How did it get so late so soon? Its night before its afternoon. December is here before its June. My goodness, how the time has flewn. How did it get so late so soon?

– Dr. Suess

Persistence Of Memory – Salvador Dali, 1931

It’s that time of year when our feeds and minds are full of ways in which we might improve ourselves. Usually rooted in feelings of lack, we use the new year as some kind of barbed yardstick to quantify all the ways we don’t measure up. If I’ve learned anything this year, it’s that these feelings, the deeper ones, aren’t so easily tamed by taking up a hobby, losing weight, or any of the usual resolution suspects.

Earlier in the year, I found a book called When Things Fall Apart, written by Pema Chodron, a Buddhist nun with a wonderful perspective. It both reminded me and helped me newly see that only when we’re okay with the parts of ourselves that we can’t stand to look at or acknowledge can we be okay with anything.

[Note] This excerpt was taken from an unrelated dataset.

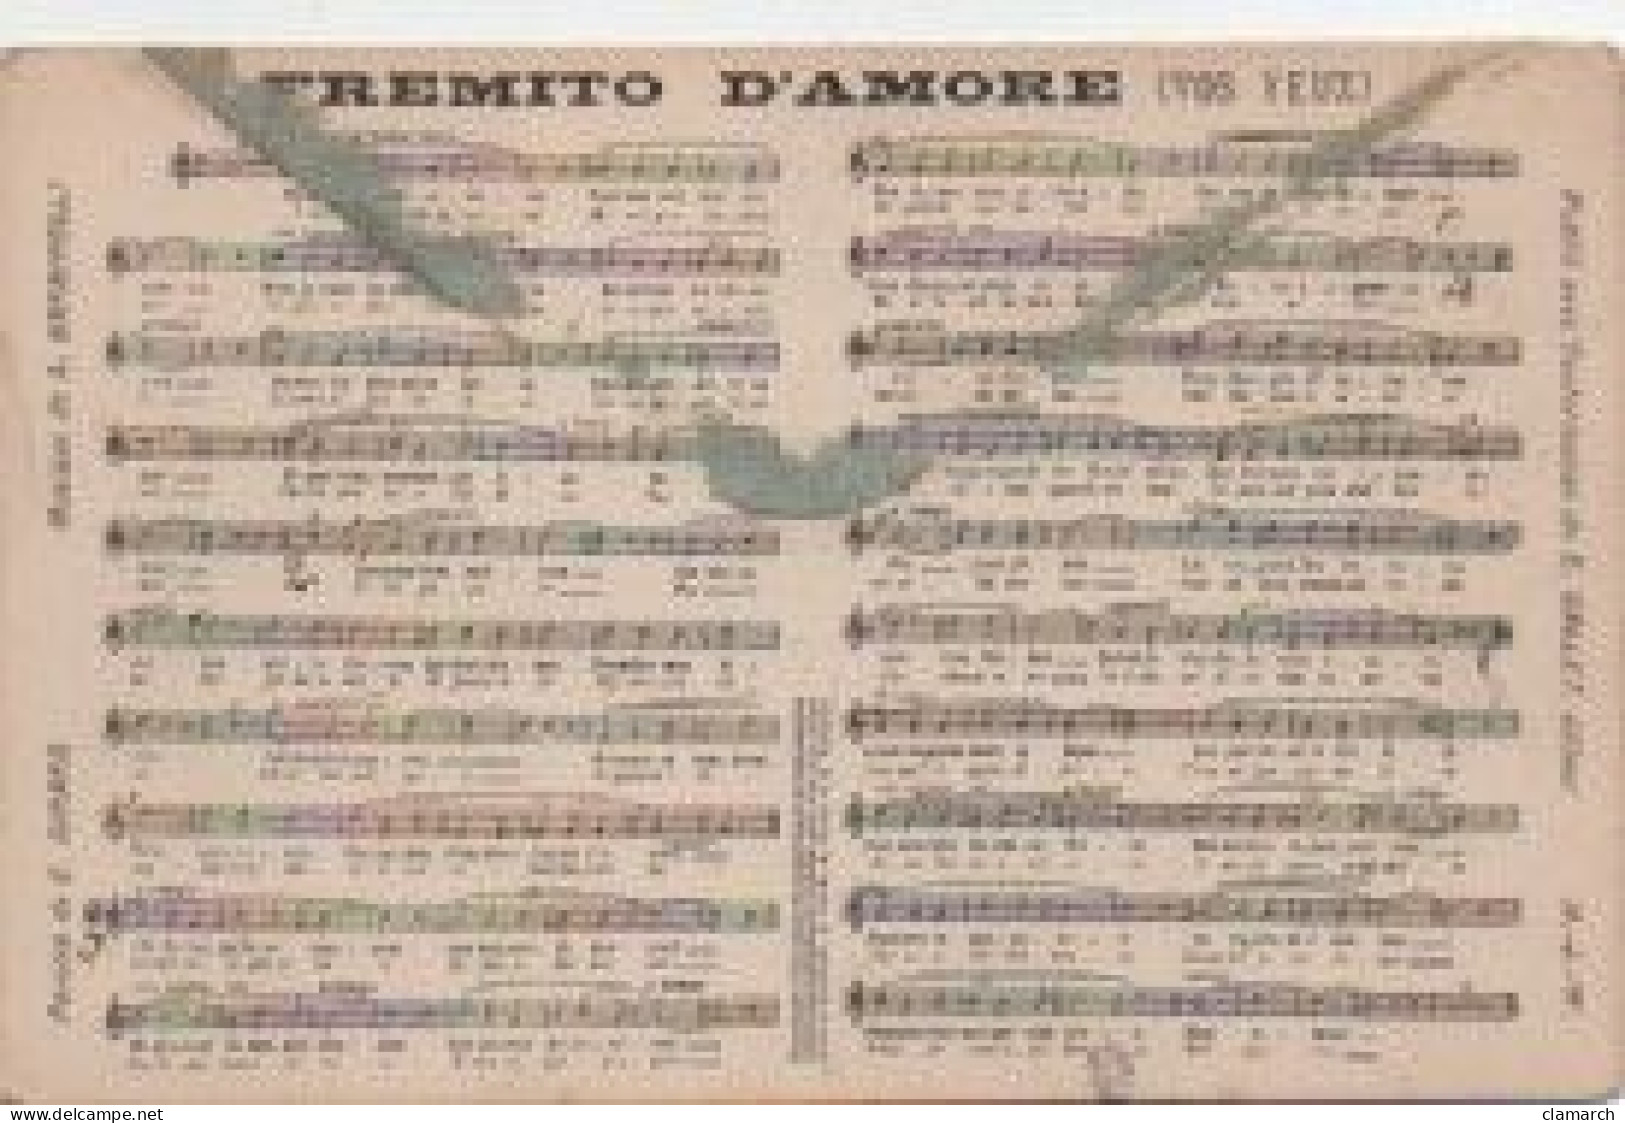 CHANSONS-FREMITO D'AMORE (Vos Yeux) Paroles D'E Girard, Musique D'A Barbirolli - HJW - Musica

The past year was the most difficult I’ve experienced. It dawned with continued worsening of the chronic pain that’s plagued me for the last few years. In February, I released Stereophile, which felt amazing, but was followed by zero interest from the general public and shops that I tried to get the book and record into. Not helpful was the fact that, due to chronic fatigue and spiritual exhaustion, I wasn’t able to, or interested in, putting forth the relentless effort it takes to promote any creative work. I then found out that I’ve a heart condition that’s going to require surgery later this year. It sounds like a standard procedure, but nonetheless added another thing to the list of maladies. In the early spring, a romantic relationship came to an end, one in which the friendship and familial aspects, just as, if not more important to me than the romance itself, were subsequently decimated in the ending’s wake. Early summer saw some standard bloodwork flag the possibility of a rare form of cancer for which there is no cure. It took until December 1st to get the final word. Turns out I don’t have cancer. Almost a half a year with that question hanging around. Egad. Add to all of this my role as solo householder and single parent to a beautiful, brilliant kid with a handful of her own challenges, and it’s fair to say there was enough cooking this year to leave a body wanting. There were many times I thought I might cave. I didn’t.

While the year was my hardest yet, it also offered great gifts. Revelatory is the word that comes to mind. Were it not for the intensity of the events I’ve listed, I wouldn’t have had the capacity to see where I stand. To own my behaviour and reactions. To begin befriending the parts made previously unbearable. In Chodron’s book, she talks about the importance of possessing unlimited friendliness toward ourselves. It sounds simple, but it’s dead elusive. We’re all so hard on ourselves. Our feelings of unworthiness eat us alive from within. They become the anger we inflict on others. The demons that drive us to addiction. They’re a departure from our innate humanity and basic self-worth. The work I put in this year has given me the ability to start seeing different possibilities. However tarnished by the hurt and suffering we endure, our hearts still shine. Whatever the depth of the darkness that surrounds, we’re still fundamentally okay. In the heat of the moment, clearly seeing what’s up is almost impossible at first. I’ve had recent experiences where I’ve been able to see where certain reactions are coming from, closer to the events themselves. This is usually after the reaction. With practice comes the ability to see it rise and catch it before it goes live.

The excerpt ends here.